Мы закурили. Она элегантно выпустила дым, на мгновение задумалась и заговорила.
- Мне ведь 95 лет, милочка.
- Не может быть! - выдохнула я.
- Все может быть, дорогая. Мы прожили в Москве всю жизнь, я моя семья.
Нас было шестеро у родителей. Три брата и три сестры. Кстати, я не представилась,
меня зовут Ада Сергеевна.
- Очень приятно, - ответила я и в свою очередь представилась ей.
- Так вот… Я родилась еще в год царствования великого Николая 11, я знала
его лично. Мне было семь лет, когда его расстреляли. Он был статен, элегантен
и мил в общении. Из его дочерей мне больше всех нравилась Татьяна, такая
нежная, романтичная. Она называла меня "одуванчиком" за мои пушистые волосы.
Она любила духи с ароматом фиалки. Мой отец подарил их ей на какой-то
Новый год. Она была страшно рада.
Я слушала ее, открыв рот, пытаясь понять, сумасшедшая она
или нет. Или все же все то, что она говорит, это чистая правда.
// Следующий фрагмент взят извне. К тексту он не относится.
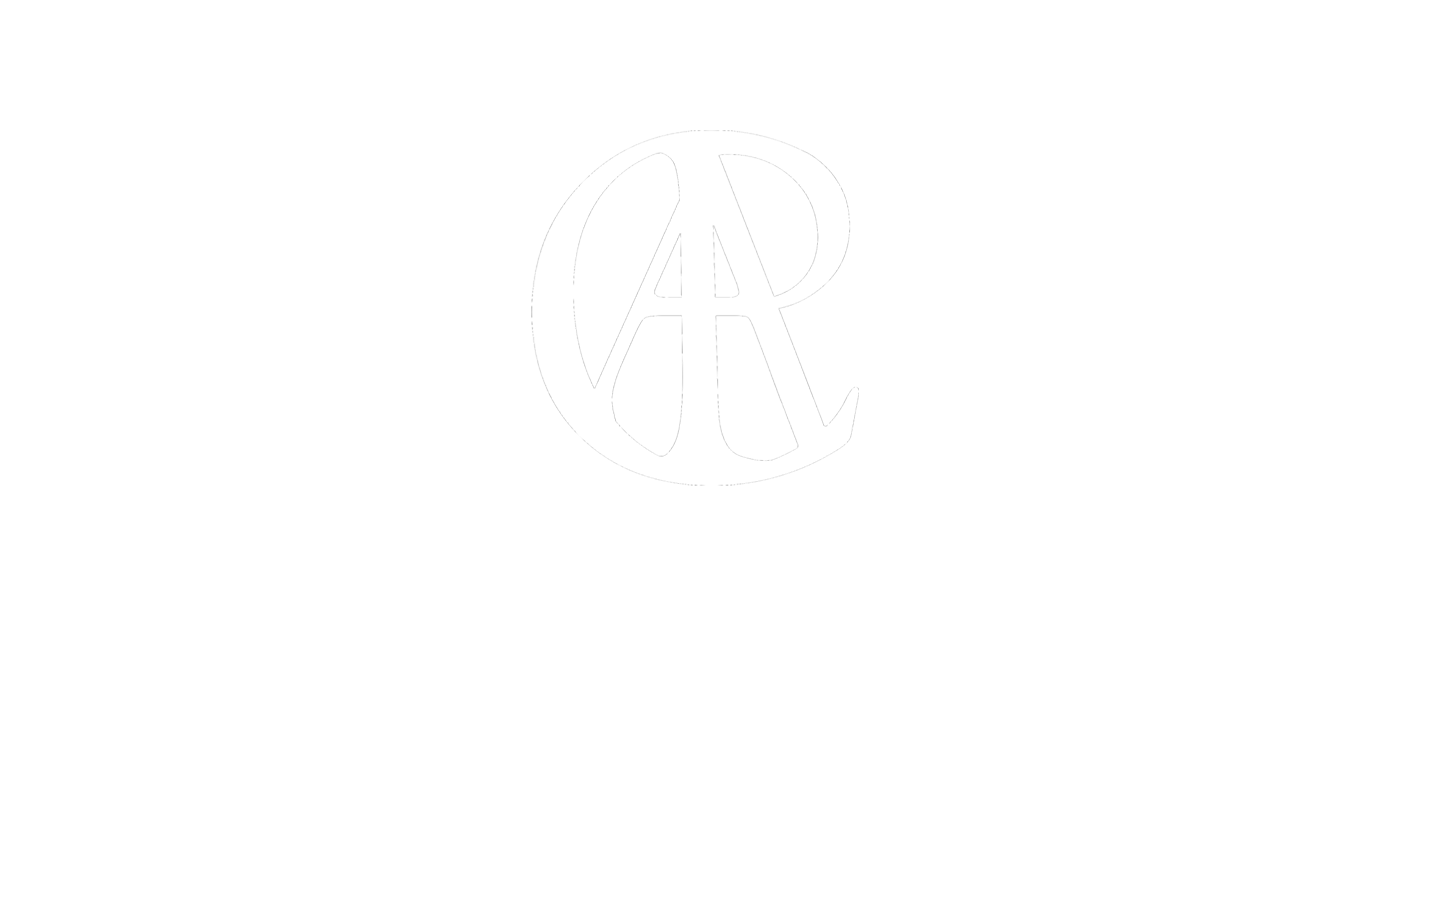 By Campfire

- Вы не верите мне. Это видно по вашим глазам. Вас можно понять. Во-первых,
я хорошо сохранилась. Во-вторых, здесь нет ни капли лжи. Все это действительно
так. Мой отец имел графский титул. Графа Ланского знала в те годы вся
столичная интеллигенция. Он дружил со Львом Николаевичем Толстым. К сожалению,
мне не удалось его увидеть. Он умер за год до моего рождения. В нашей
семье очень любили детей и с нетерпением ждали следующего появления. К
нам приходил учитель танцев, француз, такой, знаете, приятный человек.
Худой, как жердь, светловолосый, безумно галантный. Моя младшая сестра
была даже одно время в него влюблена.
- Почему вы мне все это рассказываете? - спросила я.
- Этого вопроса я ожидала. Просто потому, что вы мне понравились. Показались
какой-то настоящей. Не такой как все.
- Благодарю, - ответила я.
- Вам интересно? - спросила меня Ада Сергеевна с надеждой в голосе.
- Что вы! Вы просто клад! - я не могла подобрать слова.
- Мы занимались музыкой, вокалом. У нас даже был семейный ансамбль. Я
пела всегда вторую партию. Мы с сестрами учились в женской гимназии. У
нас были классные дамы. Именно так они и назывались. У нас было правило,
при виде классной дамы, обязательно делать книксен. Один раз я забылась
и у меня совершенно выпала из головы эта мысль, а навстречу мне шла наша
классная дама по немецкому языку. За провинность меня лишили тогда обеда
и ужина. Да, правила тогда были строги. Но и люди были другими.
- Ада Сергеевна, а кто вы по профессии? - спросила я свою новую знакомую.
- Я филолог. Написала исследование о жизни Толстого. Именно о жизни, не
о творчестве, нет. Отец много рассказывал о нем. И его воспоминаний и
составилась эта книга. Она о боли, страданиях поистине великого человека.
Кстати, она есть у меня дома. Я живу рядом. Пойдемте?
Я кивнула. И мы отправились к ней домой. Это был один из
описываемых мною ранее особняков. Старый дом, такой по-настоящему московско-интеллигентный.
Мы поднялись на второй этаж. Она открыла дубовую дверь. Пахло сладкими
духами и нафталином.
- Проходите, не стесняйтесь.
Квартира была огромной. Длинный коридор, много комнат и высокие потолки.
Все здесь было каким-то по далекому старинным, жаждущим исследований.
Все было в бежево-бордовых тонах. В гостиной стояли кресла на кривых ножках
с линейной обивкой, массивный стол с ажурной скатертью. На стене висело
бра, излучая приглушенный свет. На окне возлежал пушистый рыжий кот.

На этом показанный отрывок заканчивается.